There's some attempt at demythologization, but it's superficial, and includes a tedious Excalibur digression into an Arthurian legend-styled pastiche. Director and co-writer Robert Eggers claims that, too, is rooted in Norse myths, but even he concedes nobody is making the connection of a magic sword to anything other than King Arthur, or "Star Wars." He fights a corpse for the sacred weapon, but it turns out to be a fantasy, as contrasted with the apparent reality that he merely takes it from crumbling bones. The notion that much of what we see otherwise of his exploits is imaginary remains underdeveloped, no more than a dream of Valhalla or a suggestive pause beside a volcanic hellscape while seemingly fighting naked would-be Darth Vader.
Maybe this is what happens when you hire an American to do a Scandinavian's job. That this supposed adaptation of origins is made by way of its more familiar, mostly English, remakes seems especially blatant in its more Shakespearean moments. Not only that we have Macbethian prophecies, a dithering "Titus Andronicus" revenge plot, and Willem Dafoe playing the Shakespearean fool, but a feign towards an Oedipus complex seemingly straight out of Freudian interpretations of "Hamlet" and before returning to the real obsession over the hereditary line of succession.

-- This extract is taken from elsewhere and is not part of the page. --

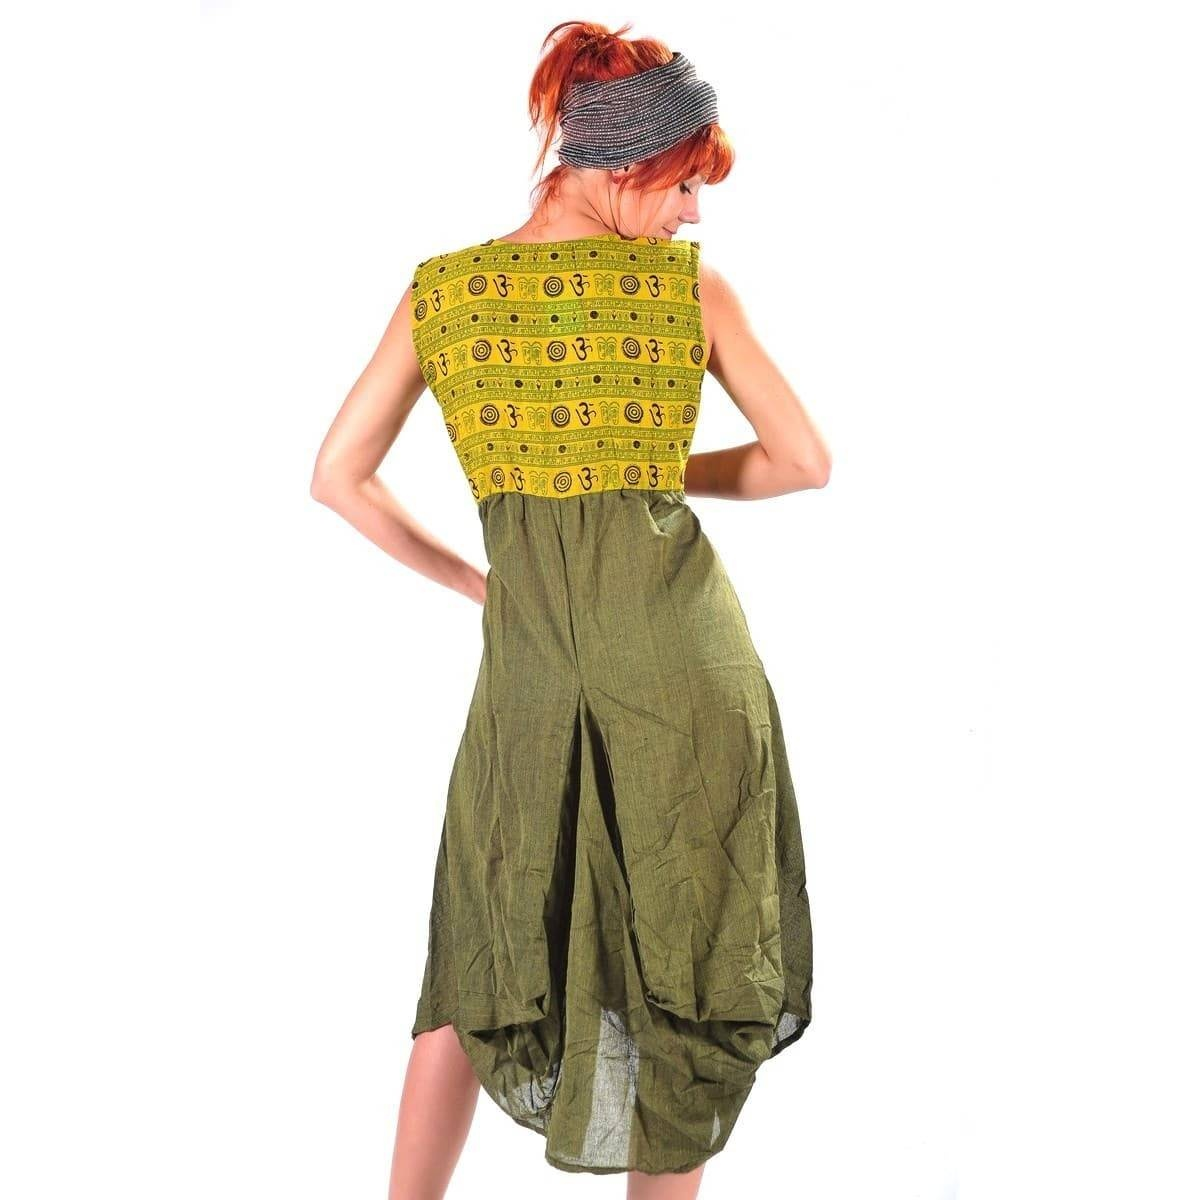 strap dress long maxi evening dress summer clothes sleeveless ethno goa nepal ebay. Black Bedroom Furniture Sets. Home Design Ideas

By the way, as much as I'm generally impressed with the film visually, I certainly could've done with less of the family-tree imagery, if also with less emphasis on blood (lines). A funeral is almost turned into the play-within-a-play, as well. If you want to do English myth, you can just do that, and do it well as "The Green Knight" (2021) has recently evidenced, and as Eggers and company evidence, that they very well know this, by way of imitation, but decapitated of meaning.
The veteran talent here--Nicole Kidman, Ethan Hawke, Dafoe, Björk--is wasted on bit parts, as relative lightweights Alexander Skarsgård and Anya Taylor-Joy in the leads fail to muster a smidgen of the chemistry of even Robert Pattinson and Dafoe in the phallocentric "The Lighthouse" (2019), also by Eggers. Not exactly Shakespeare, but at least that film had a way with words, too. Here, instead, we get "I will avenge you, father! I will save you, mother! I will kill you, Fjölnir!" Attempts to complicate or undermine that dictum get about as far here as the demythologizing, being that the picture is utterly consumed in and by the revenge myth. "Cutting off one's nose to spite one's face" stuff.